Filipino-American actor

Van Ferro (born 1987) is a Filipino-American film, television, stage and voiceover actor. He is the first actor of Filipino descent to win BroadwayWorld acting awards in Chicago in 2021 for his work in Chicago theater for that calendar year, as well as the first actor in Chicago to win two acting BroadwayWorld awards in the same theater season in 2021. He is also the first actor in Chicago to win back-to-back BroadwayWorld Awards in 2022 and made a three-peat in 2023, making him the actor of Filipino descent with the most BroadwayWorld Awards for acting outside of the Philippines.

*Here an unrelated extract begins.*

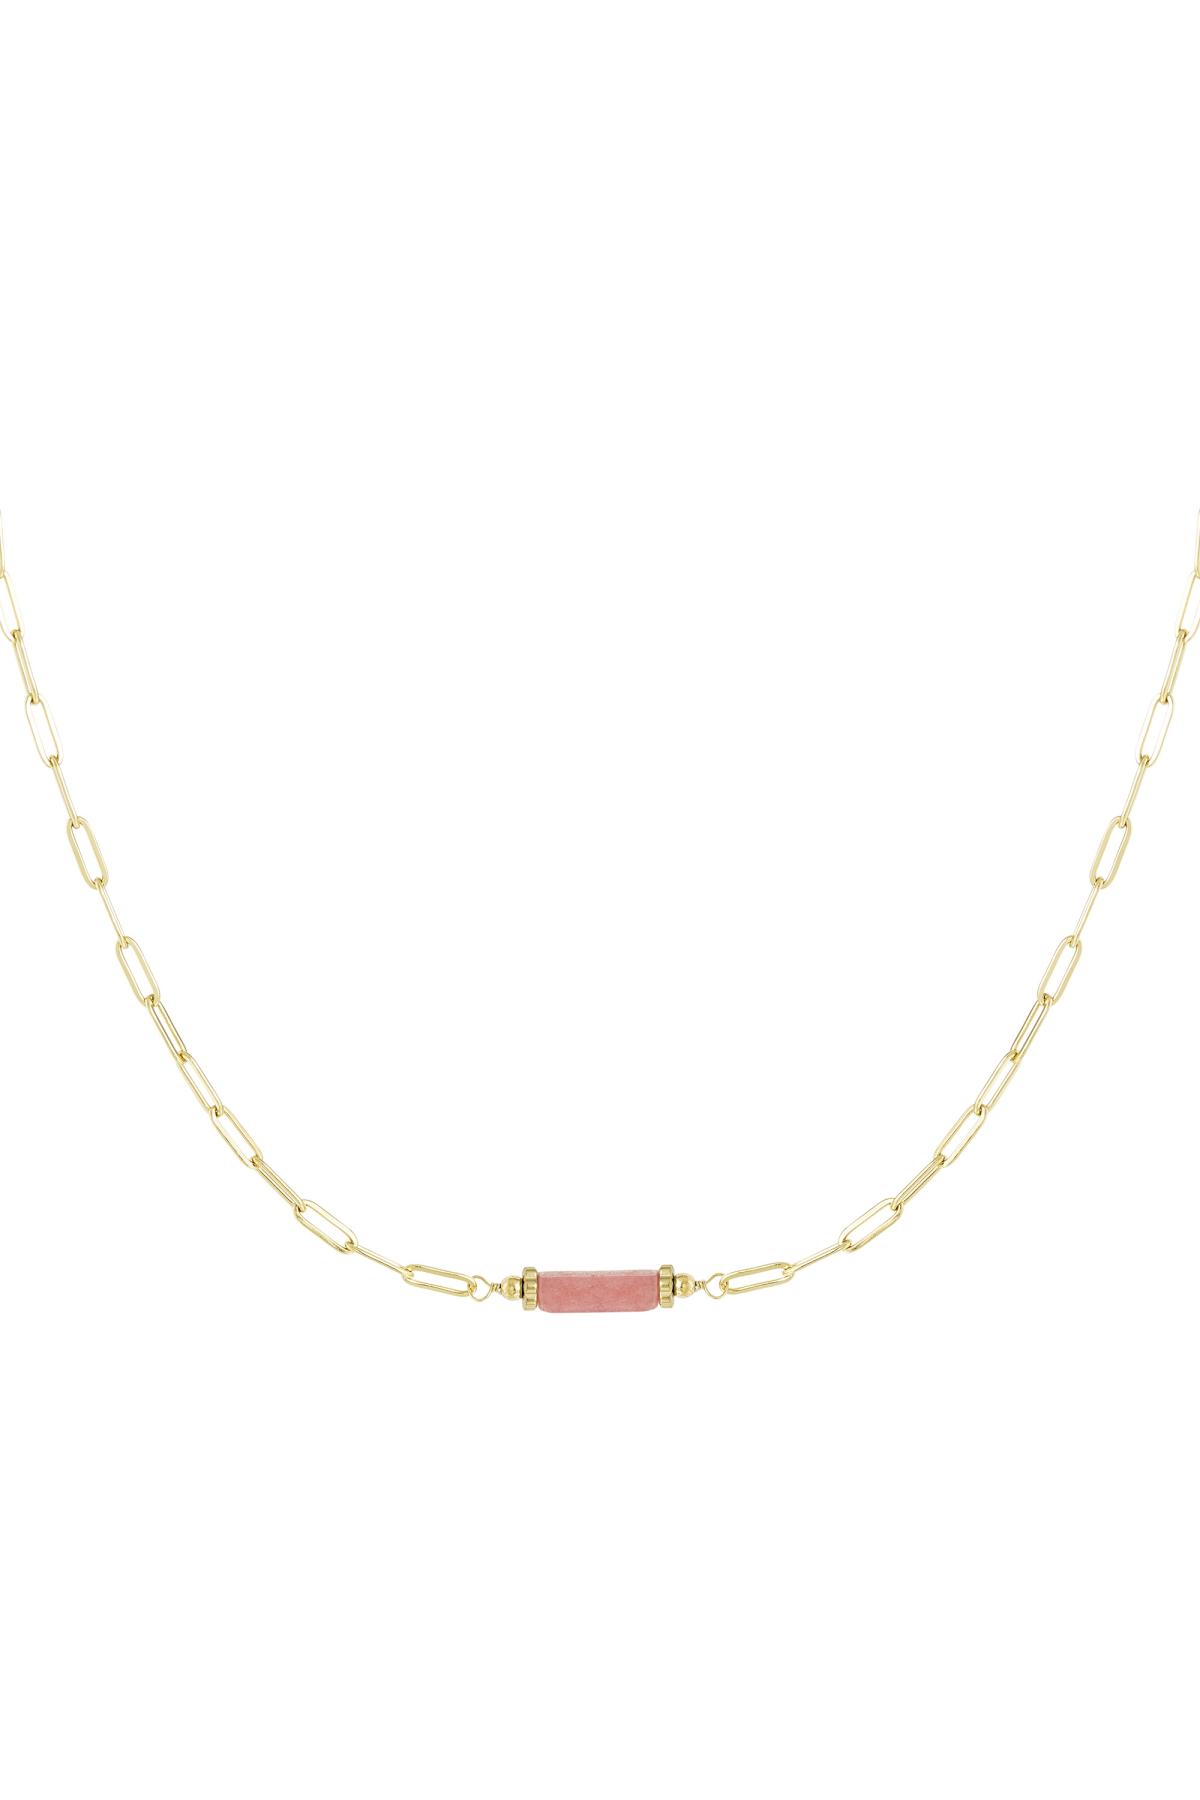 Taş uçlu baklalı zincir - Doğal taş koleksiyonu Pink & Gold Stainless Steel h5 
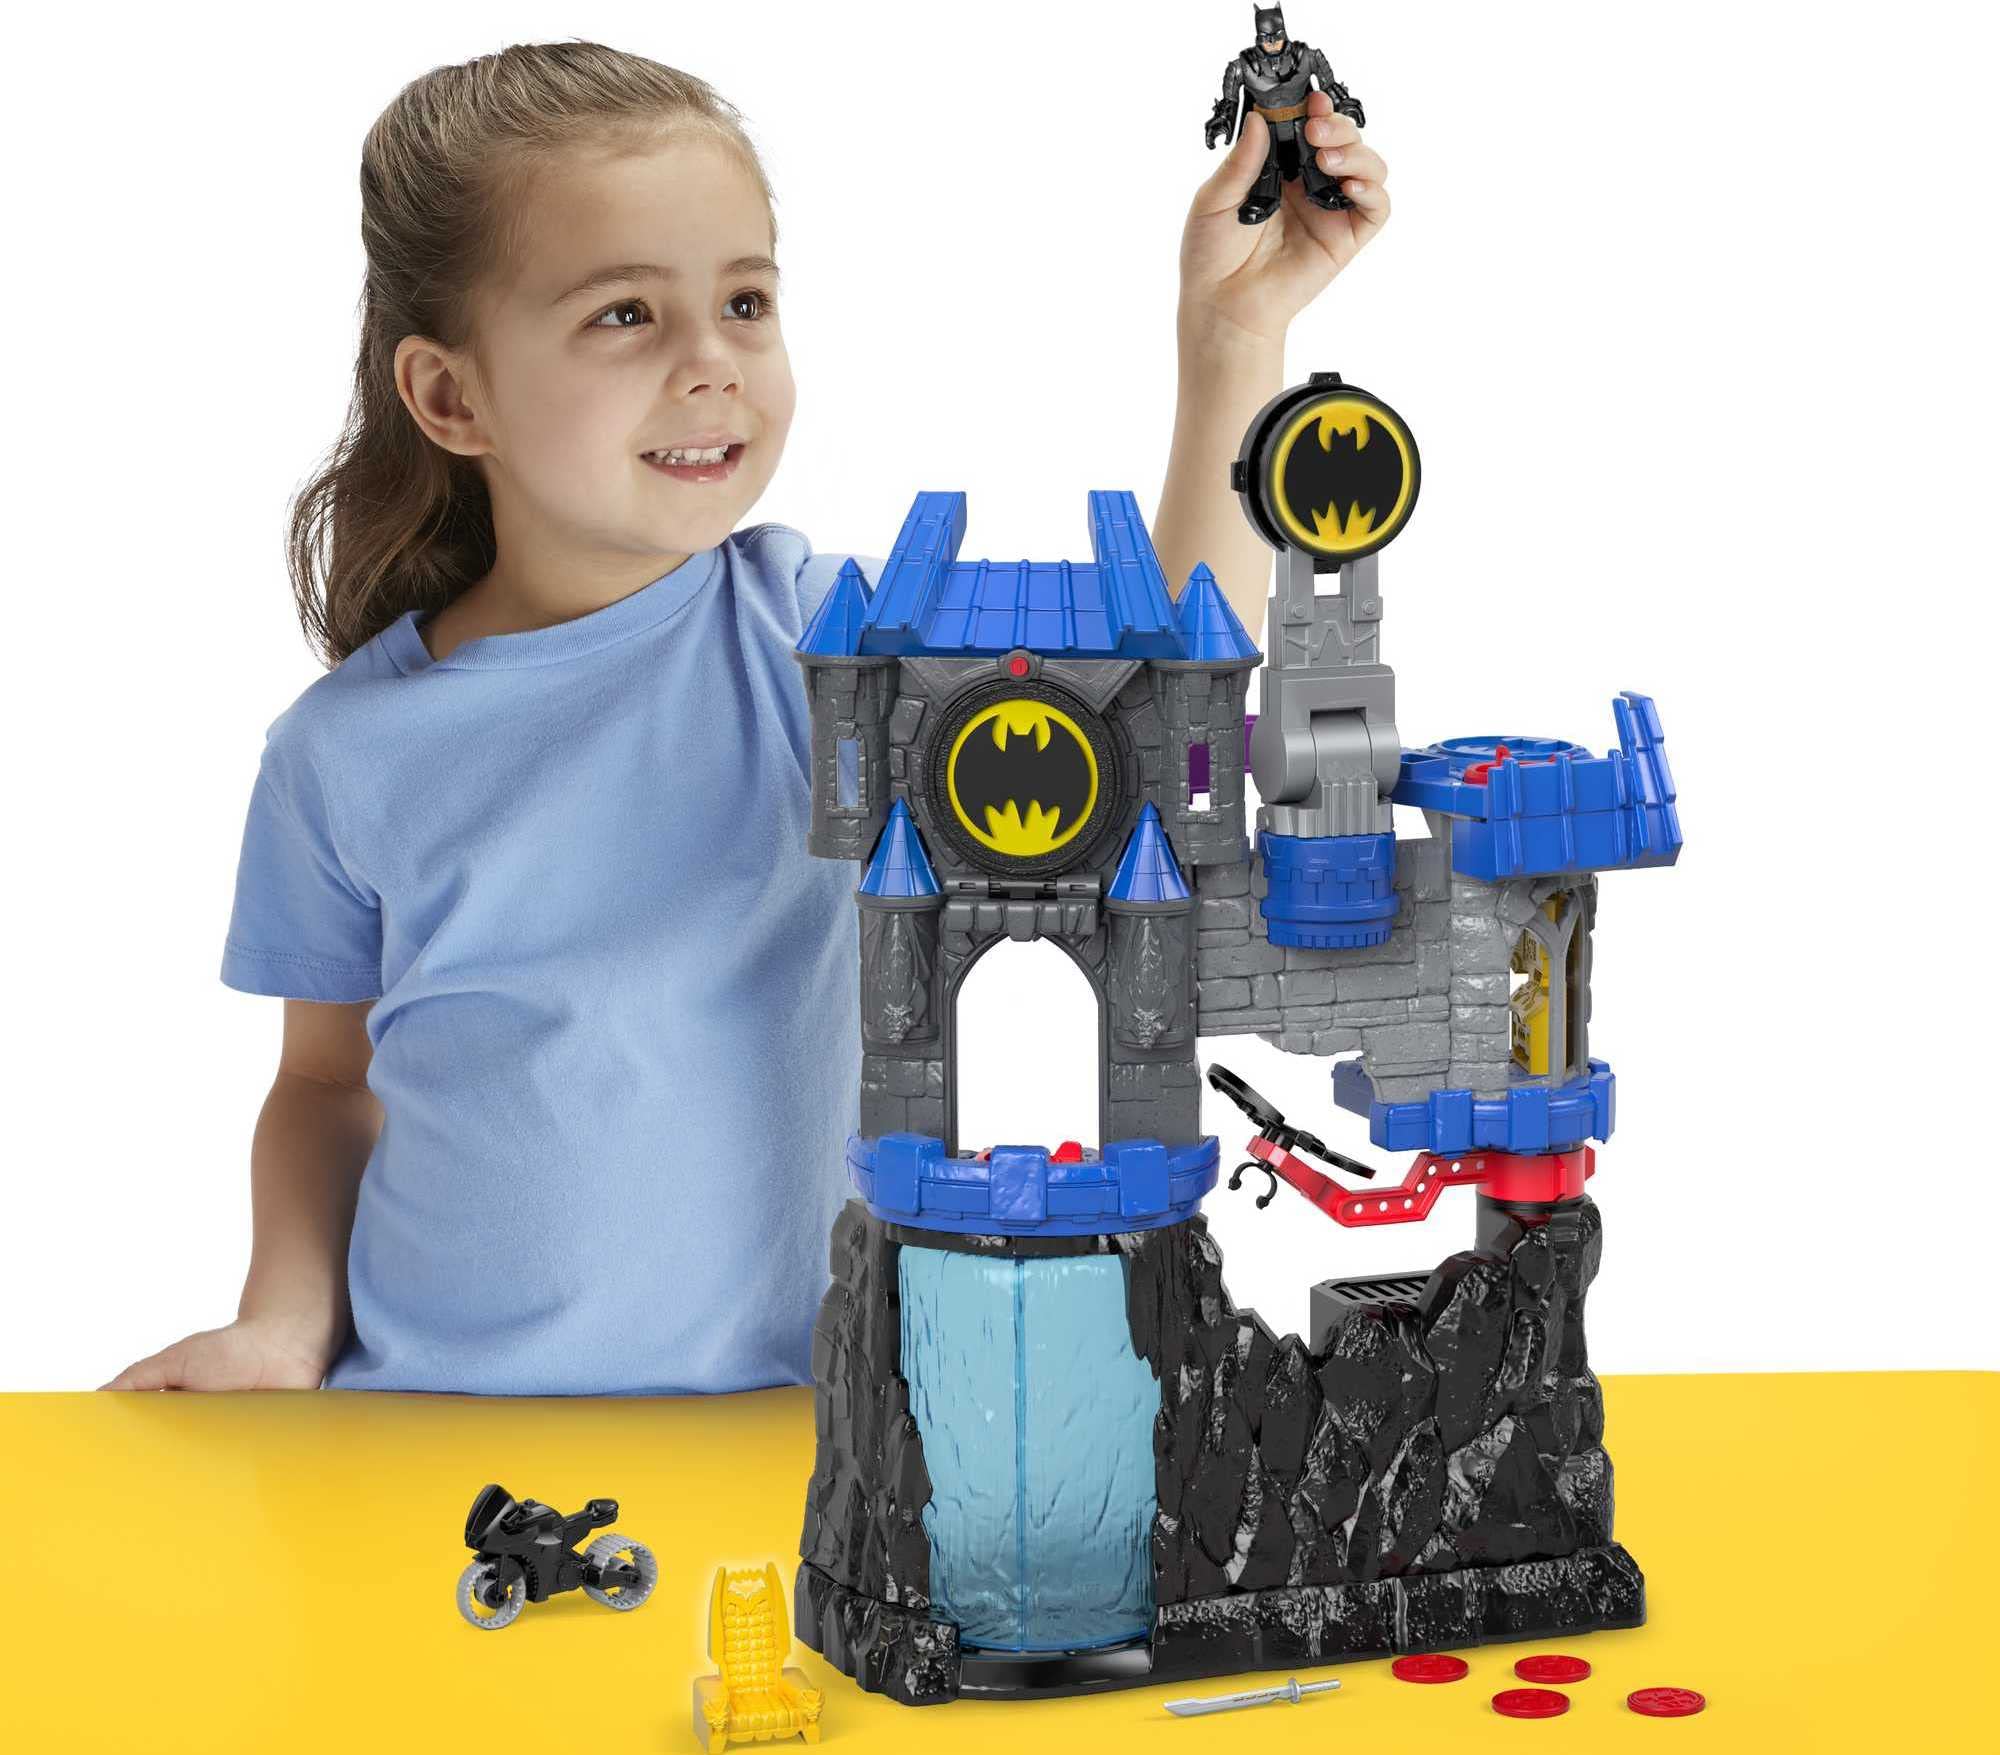 Imaginext DC Super Friends Batman Toy, Wayne Manor Batcave Playset with Batman Figure & Accessories (Amazon Exclusive)

He has also appeared in television, most notably as a nurse in Chicago Med.

== Personal life ==
Ferro was born in Baguio, Philippines and originally dreamt of a career as a diplomat working for the U.S. Embassy in Manila. When he was a sophomore in high school, after watching Gone with the Wind (film), he decided to pursue a career as an actor in the United States. Ferro worked his way to community theater companies in the Chicago area such as Oak Lawn Park District and Munroe Park Theater Guild (MPTG), as well as numerous student films. He starred as Prof Friedrich Bhaer in Little Women, Jesus Costazuela in The Odd Couple (Female Version) for MPTG. He also appeared in Daniel Cooper's Bigger and Better Things (2011), winner of the Best Short Film award at the Maryland International Film Festival, and Michael Dooley's Furnished (2011), to name a few film projects. He decided to go professional as an actor in 2018.

Ferro was naturalized as a United States citizen in 2022. He reacquired his Filipino citizenship in 2023.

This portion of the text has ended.